Мы уже сказали, что не будем останавливаться на годах, проведенных в Лицее, потому, что этот период подробно известен русской публике; но приведем из записок шестнадцатилетнего поэта отрывок, сохранивший воспоминание о его юношеской, вероятно первой, любви, и первоначальную редакцию тех строф «Евгения Онегина» (глава VIII), в которых Пушкин вспоминает о своей лицейской жизни.

«29-го (какого же месяца? быть может, декабря 1815 г., потому что предыдущие выписки у г.
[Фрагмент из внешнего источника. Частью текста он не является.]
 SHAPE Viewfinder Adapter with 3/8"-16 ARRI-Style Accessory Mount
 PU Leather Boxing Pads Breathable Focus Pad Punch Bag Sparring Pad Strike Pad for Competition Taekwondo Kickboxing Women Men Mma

Анненкова относятся к 10 декабря, а тетрадь принадлежит, по всей вероятности, к 1815 году).

И так я счастлив был, и так я наслаждался,
Отрадой тихою, восторгом упивался!..
И где веселья быстрый день?
Промчались лётом сновиденья,
Увяла прелесть наслажденья,
И снова вкруг меня угрюмой скуки тень!..

«Я счастлив был! нет, я вчера не был счастлив; поутру я мучился ожиданьем, стоя под окошком, смотрел на снежную дорогу — ее не было видно! Наконец я потерял надежду — вдруг нечаянно встречаюсь с нею на лестнице… сладкая минута!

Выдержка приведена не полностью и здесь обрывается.